New orders for U.S.-manufactured goods (excluding semiconductor manufacturing) rose 1.1% in December, seasonally adjusted, the third straight increase, Census reported on Friday. Shipments increased 2.2%, the seventh rise in eight months. For 2005 as a whole, the three series were respectively 8% and 7% higher than in 2004. Unfilled orders rose for the eighth straight month, and ended the year 16% higher than in December 2004. Together, consistent increases in these series and in capacity utilization, which the Federal Reserve last month reported was near long-term averages, suggest manufacturers have reason and means to construct and expand plants. Orders for construction materials and supplies slipped 0.8% in December but rose 6% for the year as a whole. Orders for construction machinery slid 6.6% in December but jumped 18% for the year.
The American Chemistry Council (www.americanchemistry.com), trade association for plastics and chemicals makers, noted the connection between construction and chemicals in its ACC Weekly Economic Report on Friday: “…on average, the construction sector directly purchases $8 in chemistry for every $1000 worth of output. Indirectly, it purchases more than twice that as increasing construction spending generates sales of chemistry products through purchases of supplies such as plastics pipe, architectural coatings, vinyl siding and construction products, carpet, sealants, concrete additives, etc. More than $30 billion in chemistry products goes into construction each year. Among plastic resins, PVC is most tied to building and construction.”
The Institute for Supply Management reported on its surveys of purchasing managers in manufacturing companies on Wednesay and nonmanufacturing industries, including construction, on Friday. Respondents listed the following construction-related items as up in price: aluminum, asphalt/asphalt products, cement, concrete, copper products, diesel fuel, freight charges lumber, plastics/plastic products, roofing materials (also reported down in price), and steel/steel products. Drywall and roofing materials were listed in short supply.
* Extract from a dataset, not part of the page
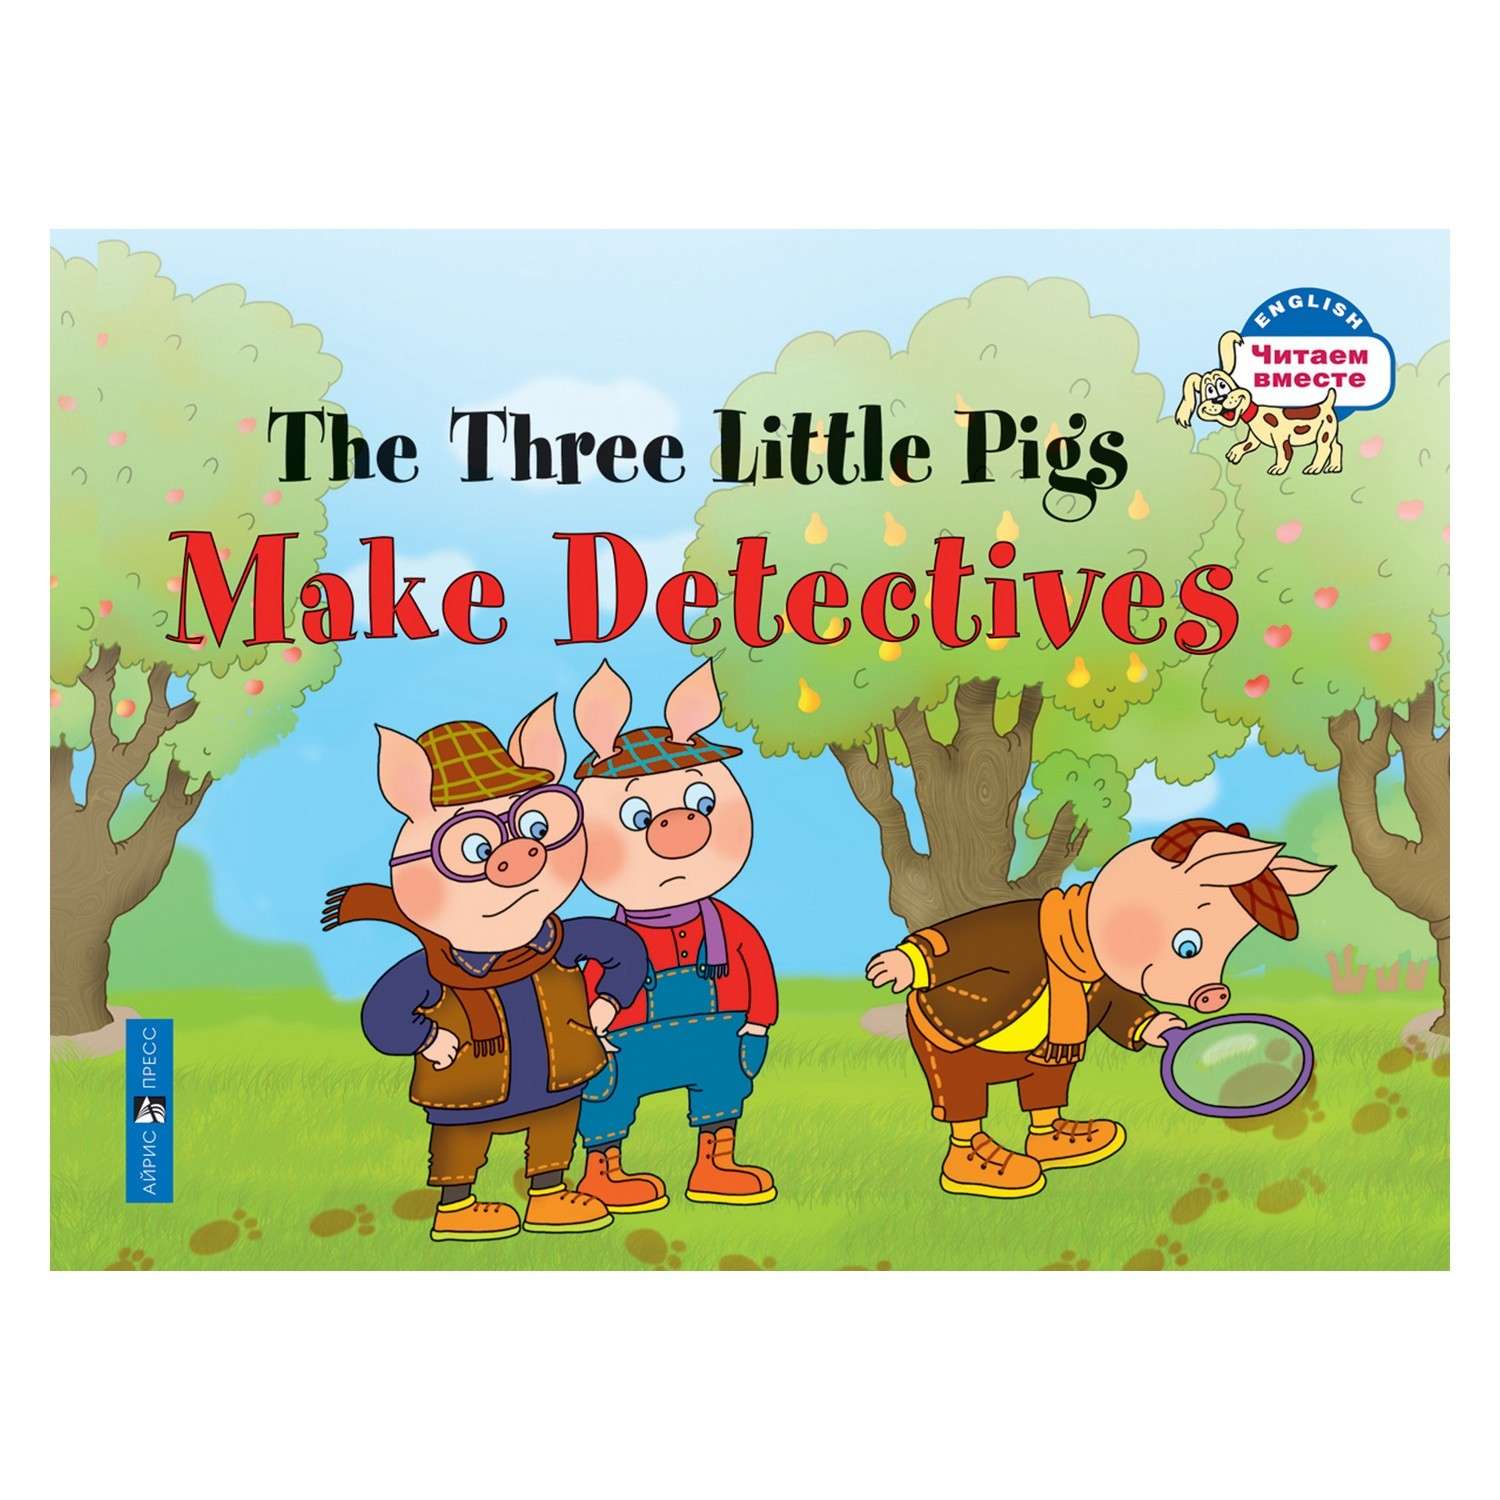 Книга Айрис ПРЕСС Три поросенка становятся детективами. The Three Little Pigs Make Detectives. (на английском языке) - Наумова Н.А. - фото 1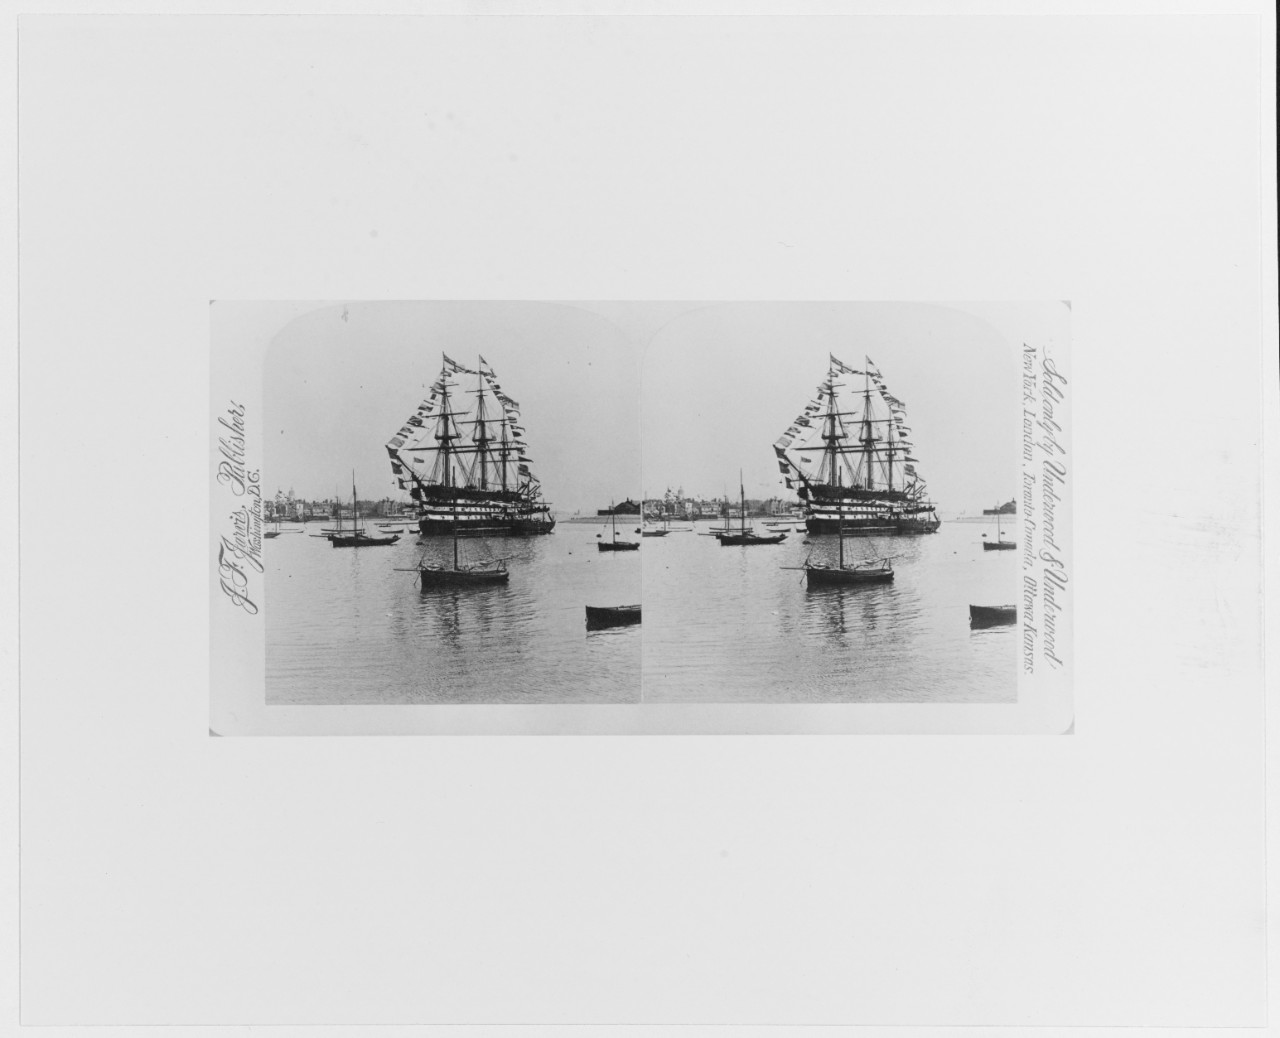 British three-deck ship-of-the-line, stereo photo

Nonfarm employment by metro area, not seasonally adjusted, increased in 311 areas in 2005, fell in 49, and was unchanged in seven, BLS reported on Wednesday. The largest percentage increases, 8%, were in Coeur d’Alene, Idaho, Yuba City and El Centro, California, and St. George, Utah. The largest percentage decreases were in New Orleans-Metairie-Kenner, -32%; Gulfport-Biloxi, Mississippi, -23%; and Danville, Virginia, -5%. Of the 35 areas with average employment levels above 750,000, the largest percentage gains were in Las Vegas-Paradise, 7%; Phoenix-Mesa-Scottsdale, 5%; and Orlando, 4%. The only decreases among large metro areas were -0.6% in Detroit-Warren-Livonia, and -0.1% in Cleveland-Elyria-Mentor and Indianapolis. These figures offer a rough guide to areas where construction activity is hottest or where workers may be available.